Hacker News is actually a bit tricky to scrape since the site’s markup isn’t all that semantic — meaning the HTML elements and attributes don’t do a great job of explaining the content they contain. Everything on the HN homepage is in two tables, and there aren’t that many classes or ids to help us hone in on the particular HTML elements that hold stories. Instead, we’ll have to rely more on patterns and counting on elements as we go.

Pull up the web inspector in Chrome and try zooming up and down the DOM tree. You’ll see that the markup is pretty basic.
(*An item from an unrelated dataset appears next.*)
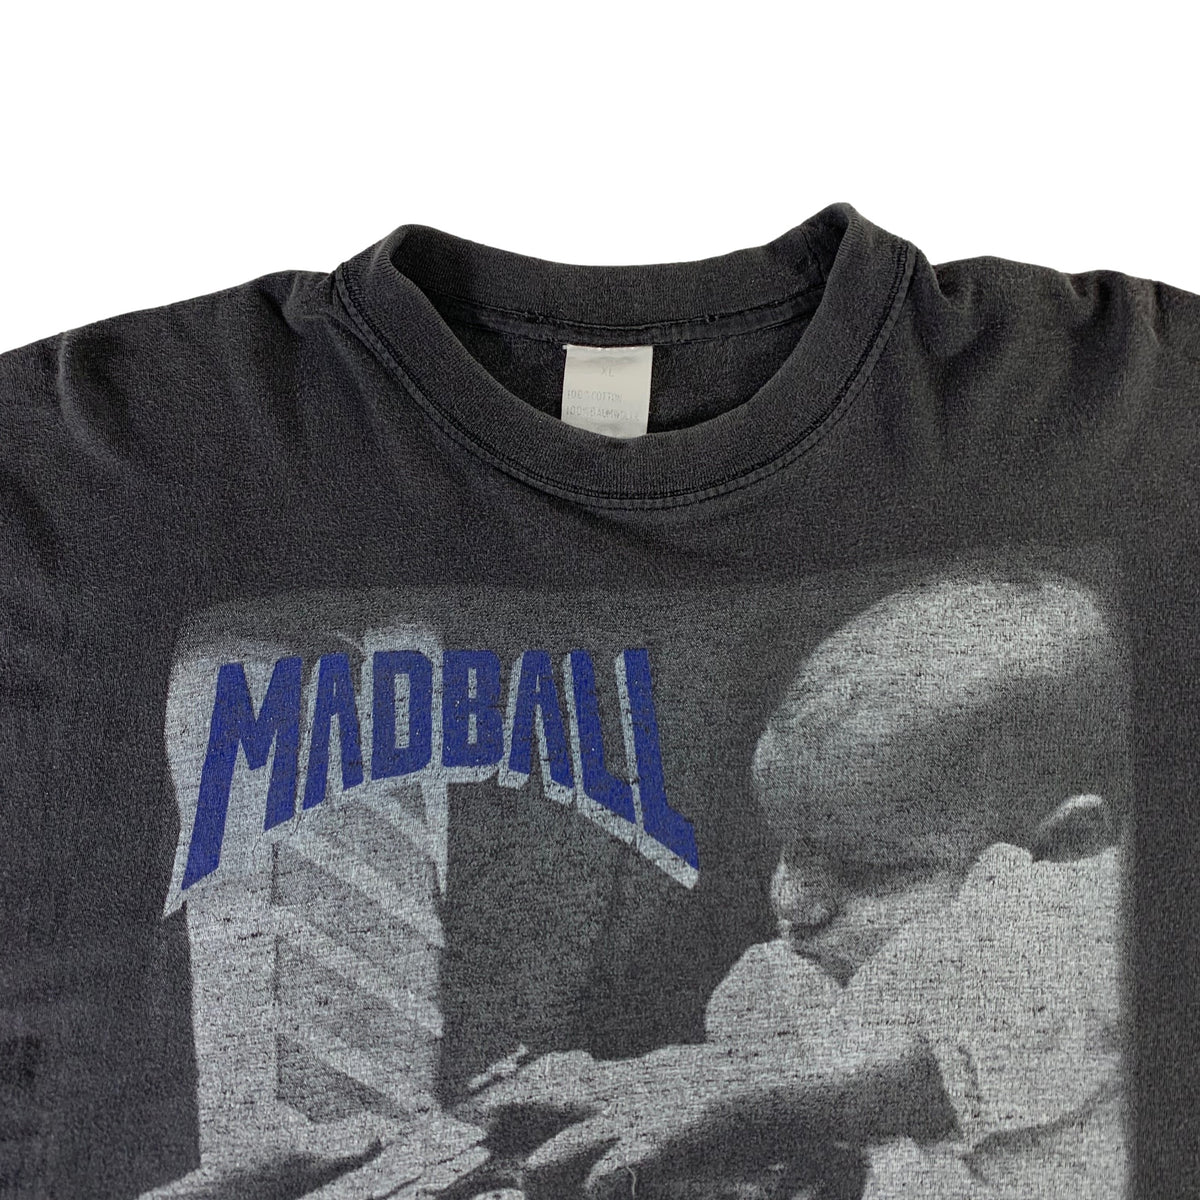 Vintage Madball &quot;Set it Off&quot; T-Shirt - jointcustodydc
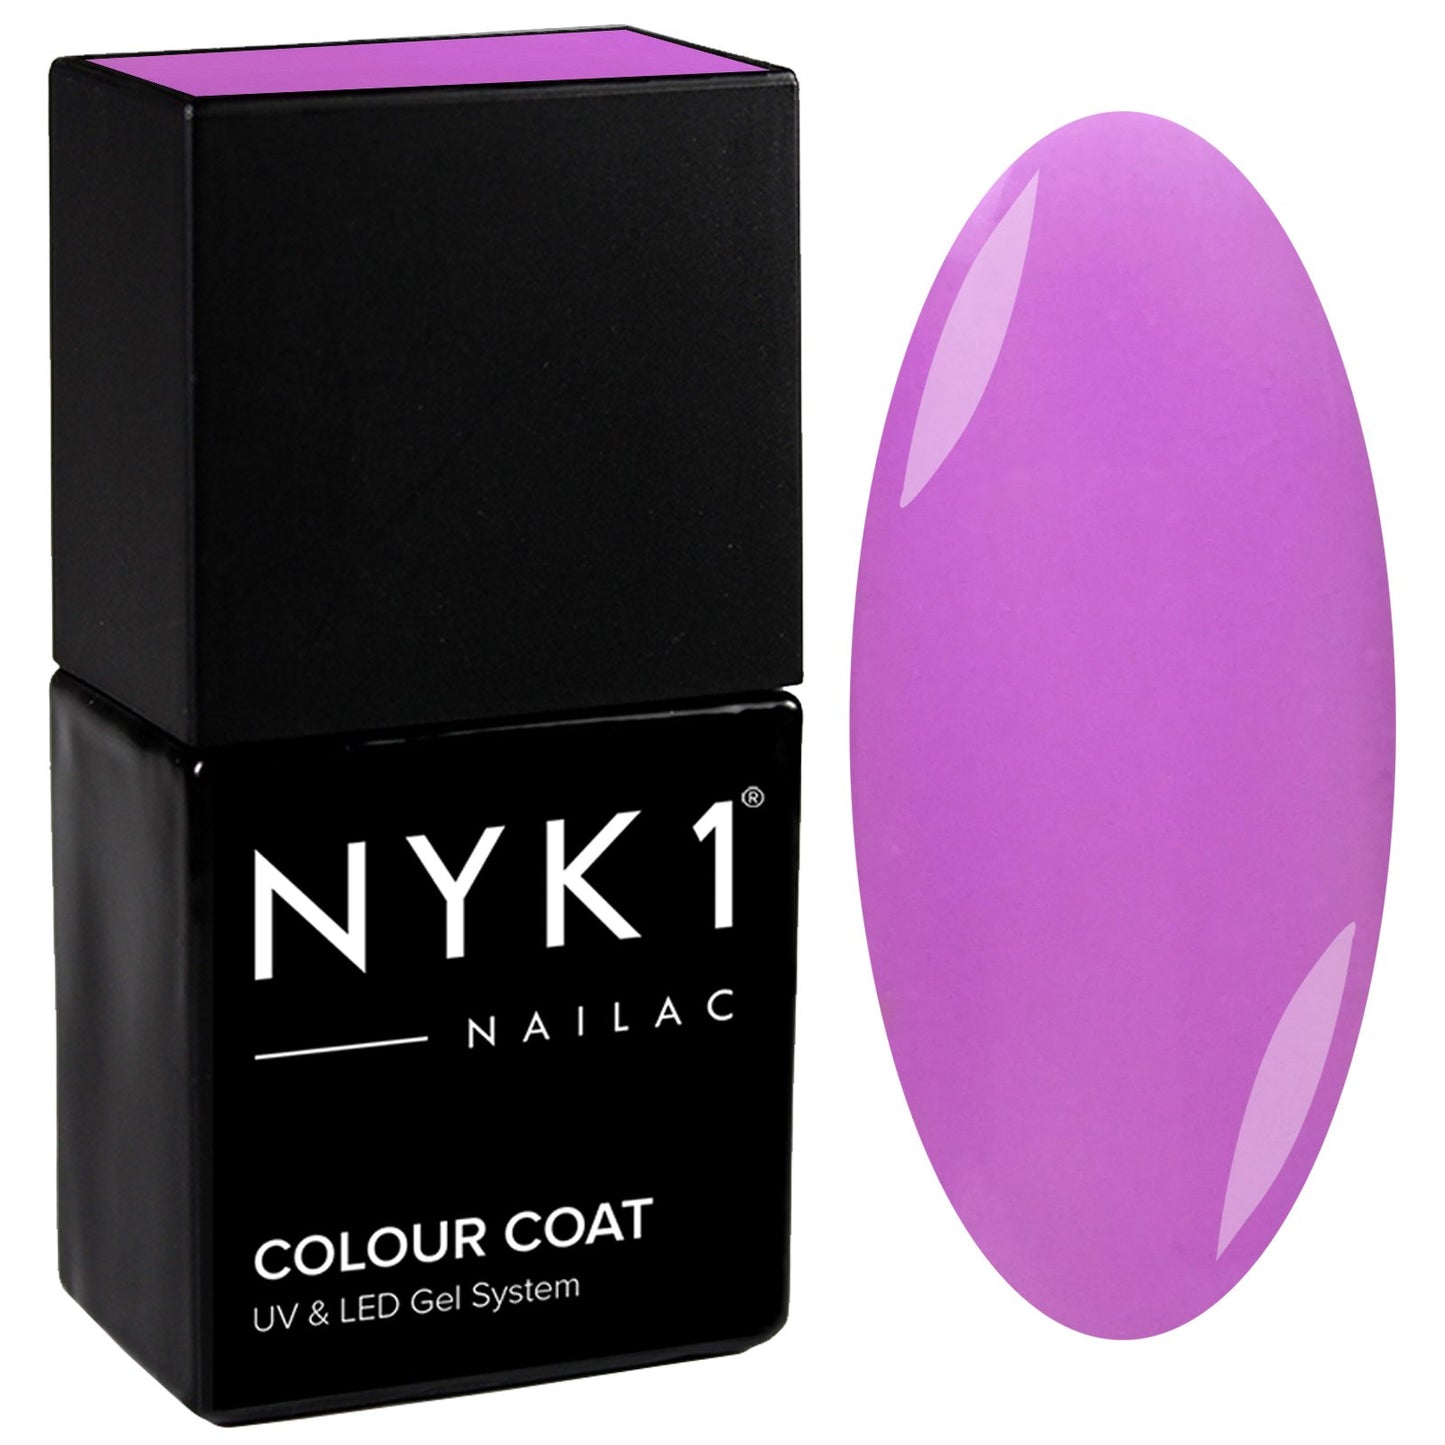 NYK1 Nailac Violetta Light Purple Gel Nail Polish

There’s an outer table that’s basically just used to keep things centered (85% of the screen width) and then an inner table that holds the stories.

Debugging Hacker News Page

If you look inside the inner table, you’ll see that the rows come in groups of three: the first row in each group contains the headlines and story links, the second row contains the metadata about each story — like who posted it and how many points it has — and the third row is empty and adds a bit of padding between stories. This should be enough information for us to get started, so let’s dive into the code.

I’m going to try and avoid the religious tech wars and just say that I’m using Python and my trusty standby libraries — requests and BeautifulSoup — although there are many other great options out there. Feel free to use your HTTP requests library and HTML parsing library of choice.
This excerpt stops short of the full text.